«Moustafa Khalil Abdi, connu sous le nom de Mazloum Abdi, est nommé conseiller auprès de la présidence de la République», dispose le décret n°164 signé par le chef de l’État. Le texte ne précise ni les attributions exactes du nouveau conseiller ni le périmètre des dossiers qui lui seront confiés.
Cette nomination donne toutefois une traduction politique immédiate à l’accord conclu entre Damas et les dirigeants kurdes. Elle permet à Ahmed al-Charaa d’afficher l’intégration d’une figure longtemps placée à la tête d’une force militaire autonome, tandis que Mazloum Abdi passe officiellement du commandement armé à une fonction au cœur du nouvel appareil d’État syrien.
De la lutte contre l’EI au palais présidentiel
Pendant des années, Mazloum Abdi a dirigé les FDS, coalition dominée par les combattants kurdes et soutenue par Washington. Formées en 2015, après la victoire des forces kurdes contre le groupe État islamique à Kobané, elles sont devenues le principal partenaire terrestre des États-Unis dans la lutte contre l’organisation jihadiste en Syrie.
À leur apogée, les FDS comptaient environ 100.000 combattants kurdes et arabes. Elles contrôlaient de vastes régions du nord et du nord-est syrien, dont plusieurs champs pétroliers, postes-frontières et infrastructures stratégiques.
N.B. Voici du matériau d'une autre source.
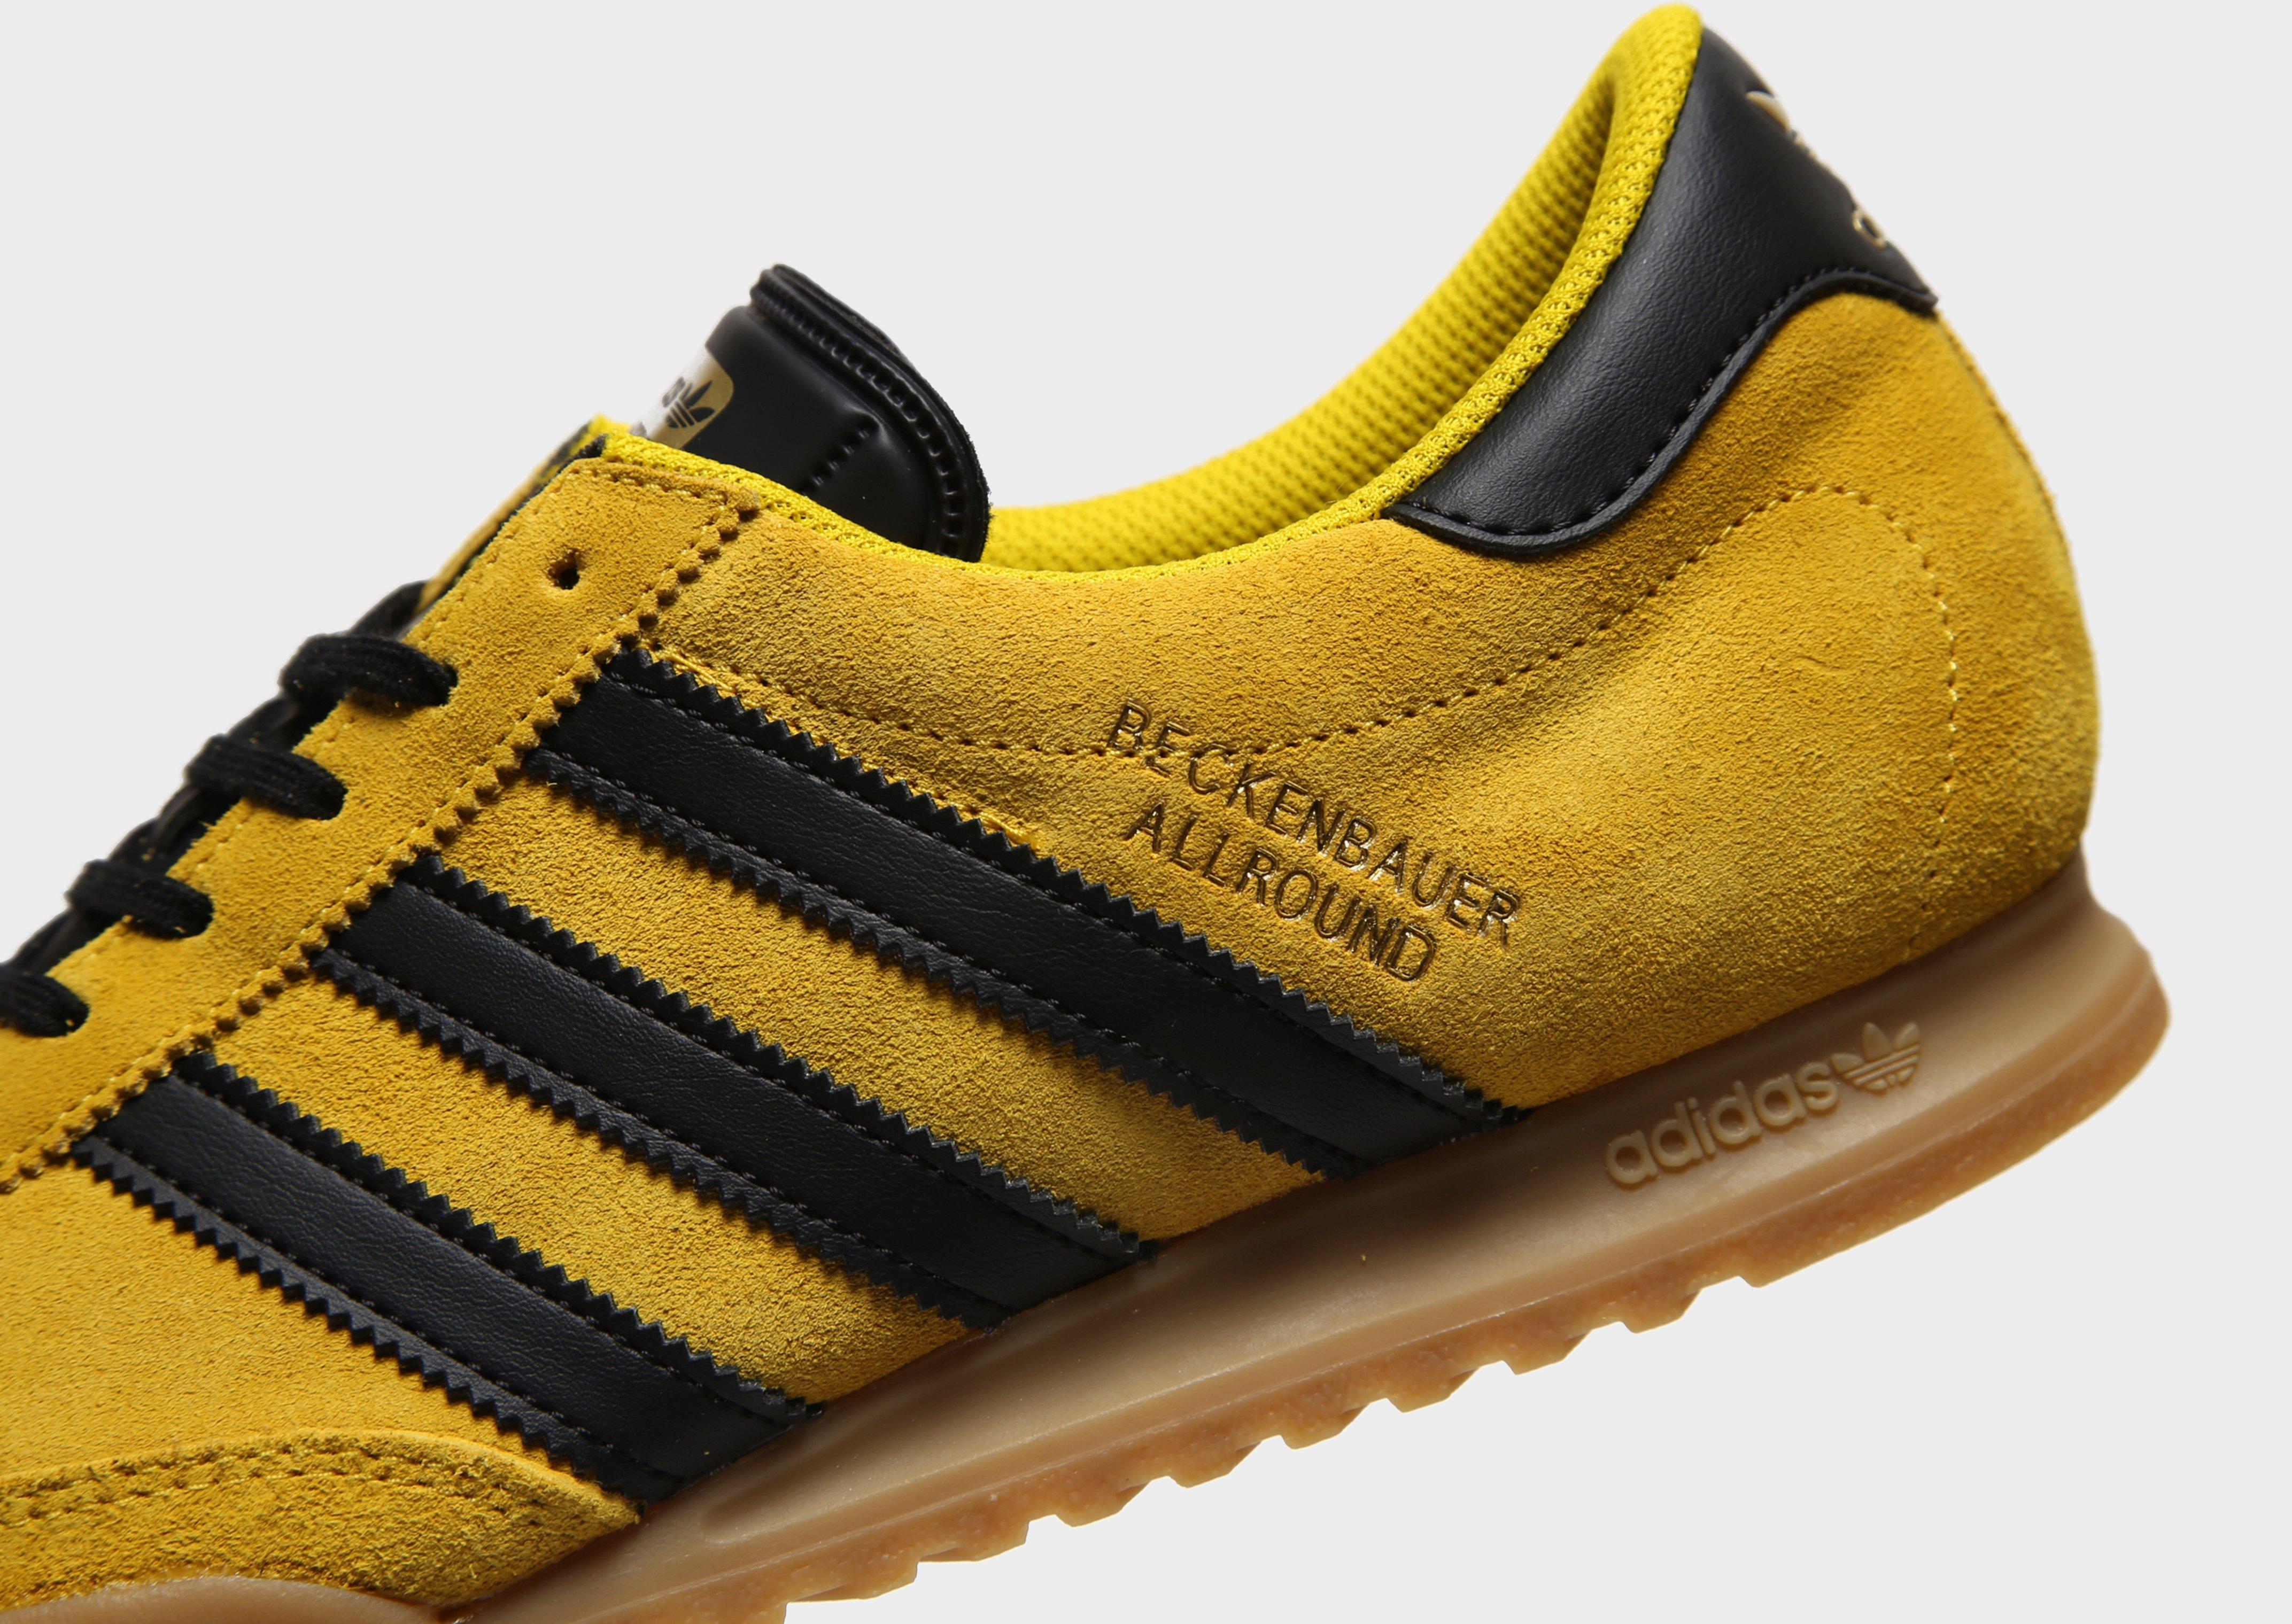 adidas beckenbauer allround black yellow

Elles constituaient aussi l’ossature militaire de l’administration autonome établie par les Kurdes à la faveur de la guerre civile.
Mardi, depuis le Palais du peuple à Damas, Mazloum Abdi a annoncé «la fin de la mission des Forces démocratiques syriennes» et leur dissolution comme force militaire indépendante. Il a expliqué que cette décision intervenait après l’intégration de leurs unités dans les brigades de l’armée syrienne.
Ce processus découle des arrangements conclus en janvier 2026 après de violents affrontements, puis progressivement appliqués au cours des mois suivants. Ces combats avaient permis aux forces gouvernementales de reprendre de vastes territoires, tandis que Washington, soutien historique des Kurdes, renforçait son rapprochement avec les nouvelles autorités de Damas.
Une victoire pour Damas, des garanties à éprouver
Pour Ahmed al-Charaa, la disparition des FDS comme organisation autonome représente une victoire majeure. Elle renforce son projet de réunification du territoire, de l’armée, des postes-frontières, des ressources énergétiques et des administrations sous l’autorité du pouvoir central.
Lire aussi : Syrie: le chef des puissantes forces kurdes annonce leur dissolution
Pour les Kurdes, l’accord signifie en revanche la fin de l’autonomie de fait qu’ils avaient construite dans le nord-est. Leur acceptation repose désormais sur les garanties politiques, culturelles et linguistiques promises par Damas, ainsi que sur leur présence effective au sein des institutions nationales.
L’envoyé spécial américain pour la Syrie, Tom Barrack, a qualifié l’intégration d’«absolument historique». Selon lui, l’attribution de fonctions importantes à Mazloum Abdi et à d’autres responsables kurdes témoigne du respect dû à leur leadership, aux sacrifices consentis dans la lutte contre l’EI et à leur contribution à la stabilité régionale.
Ahmed al-Charaa avait auparavant signé un décret reconnaissant les Kurdes comme une composante nationale de la Syrie et le kurde comme langue nationale. Le ministère de l’Éducation a depuis fixé les modalités de son enseignement dans les écoles publiques et privées des régions à majorité kurde, une évolution sans précédent depuis l’indépendance du pays en 1946.
Mazloum Abdi avait néanmoins prévenu, la semaine dernière, que l’achèvement de l’intégration institutionnelle ne mettait pas fin aux revendications politiques.
«Notre combat se poursuivra afin d’inscrire les droits de notre peuple dans la Constitution», avait-il déclaré.
Sa nomination ouvre donc une nouvelle phase: Damas a obtenu la dissolution de la principale force armée échappant à son contrôle, mais devra désormais démontrer que l’intégration ne se limite pas à des nominations symboliques. Pour les Kurdes, la question centrale n’est plus celle d’une armée autonome, mais celle de garanties constitutionnelles durables dans la Syrie réunifiée.